When coaching executives, I often ask “How’s it supposed to be?” I use this question when I hear a complaint to uncover a person’s vision for what they wish were the case or want to have happen in a situation. Having, sharing, and acting on vision is one of the marks of brilliant leadership.
Vision isn’t always some grandiose image that’s massive, documented, and shared widely – like with big corporations whose “company vision” is intended to get people aligned in a certain direction.
Many of us have some sort of vision for our life—even if we’ve not articulated it clearly. Throughout a given day, we tend to envision things we want multiple times. The deal is, though, visions aren’t always expressed as aspirations and can sound more like griping. So, it’s important to be aware of, and examine, a “complaint” or frustration.
Do you hold a personal vision for something? Perhaps you’re not fully aware of what that is, or maybe you haven’t yet expressed it outwardly. Maybe your vision seems distant (like a hope), remains subtle (like something you imagined), or feels unreachable (like a wish). For example:
- Your work…maybe you’re hoping to keep your flexible schedule despite your company changing its work policies.
- Your home life…perhaps you’re imagining how you want an evening with your friends to play out.

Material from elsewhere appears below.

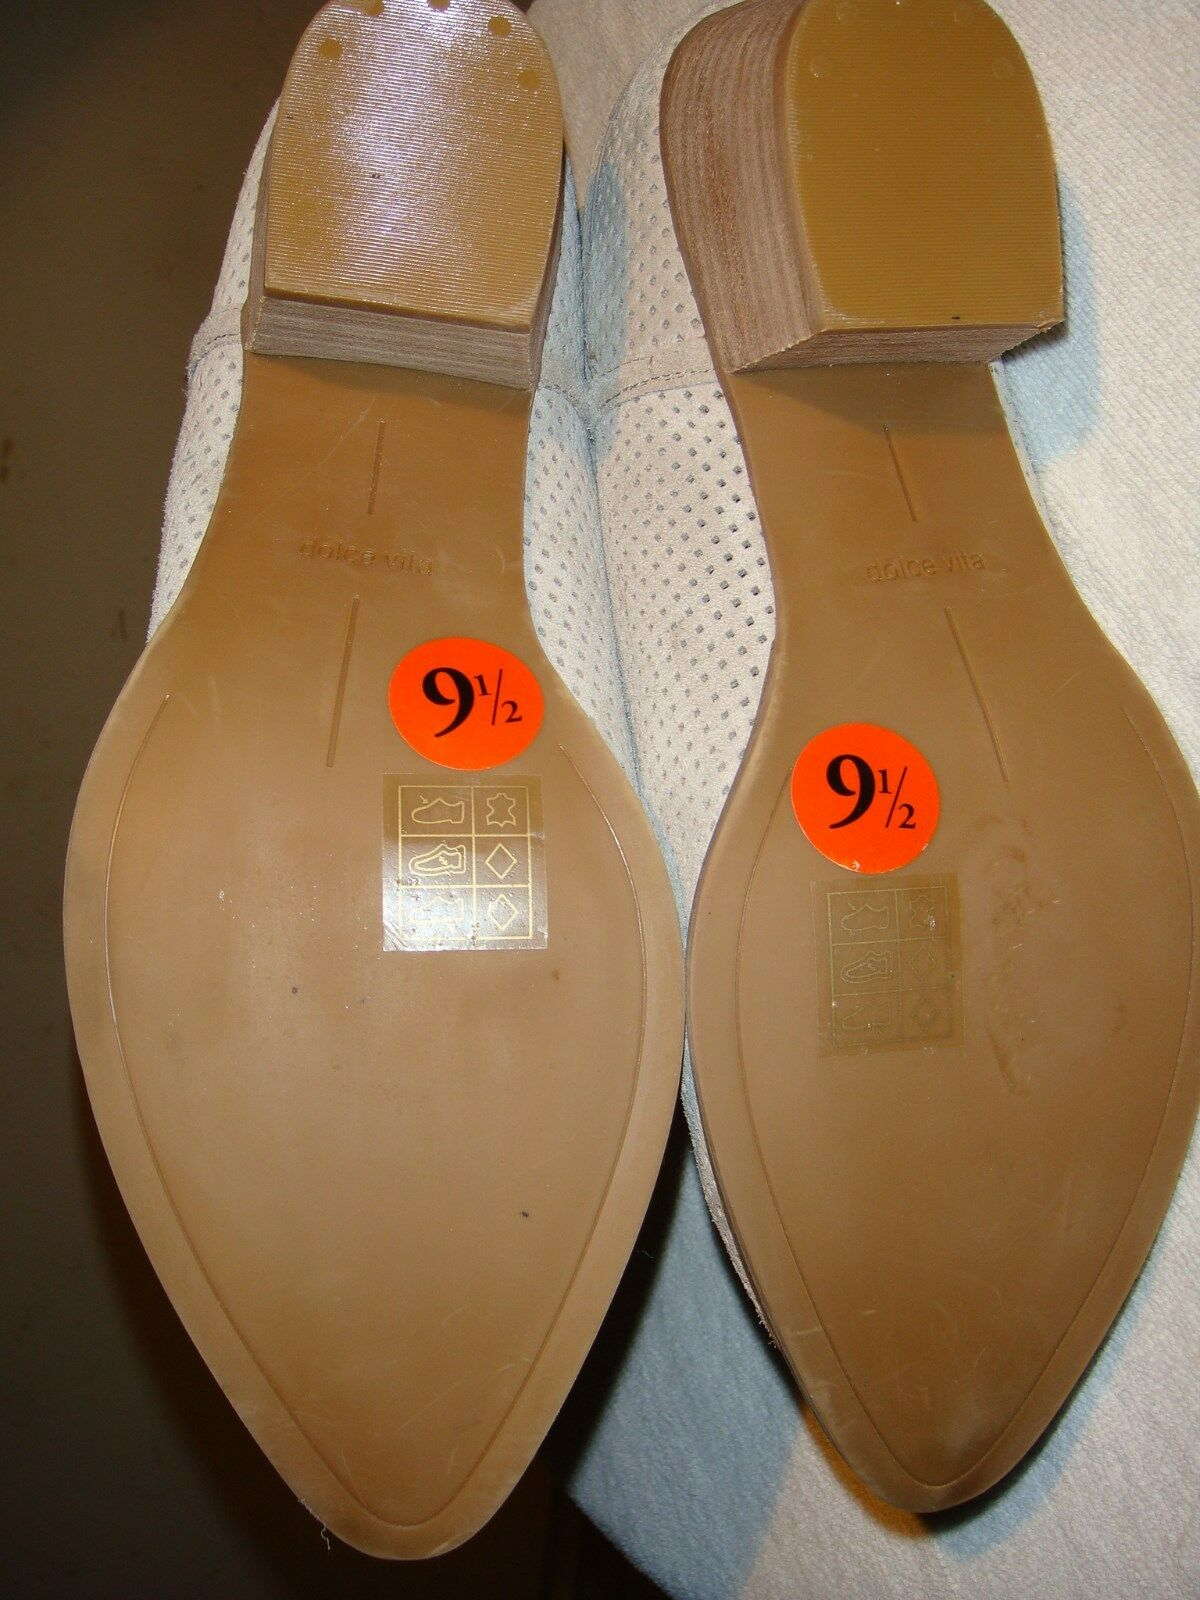 New Ladies,Dolca Vita, Tan Suede Ankle Boot, Buckle,Slipon, Buckle,Slipon, Buckle,Slipon, Size- 9 1 2M,Cute f2eda4

- Your finances…possibly you’re wishing to retain a comfortable level of discretionary income as you face increasing demands on your spending.
When you don’t voice your vision, it’s possible things won’t go the way you want. This can lead to frustration.
Hence, it’s important to get clear on how it’s supposed to be. Here are three steps you can explore to help bring your vision to light:
- Be mindful + bodyful: Get curious and notice what’s going on with both your thoughts and the emotions being expressed through bodily sensations you’re experiencing. Do this by allowing yourself 15 minutes (or more) of sitting in silence or in nature.
- Be curious + intentional: Without judgment, get curious and explore more about what you noticed in Step #1. Specifically, ask yourself what, how, when, where, and who questions to become more intentional about what you want (i.e., your personal vision for a situation). TIP: Avoid why questions as these can put you on the defense.
- Be open + communicative: Once you’ve gotten in touch with what you’re noticing and wanting, be open and communicate this to the people for whom it will matter…before things go sideways!
This Week’s Challenge: When you get frustrated, stop yourself in your tracks, ponder “How’s it supposed to be?” and explore the 3 steps above to help turn your frustration frown upside down.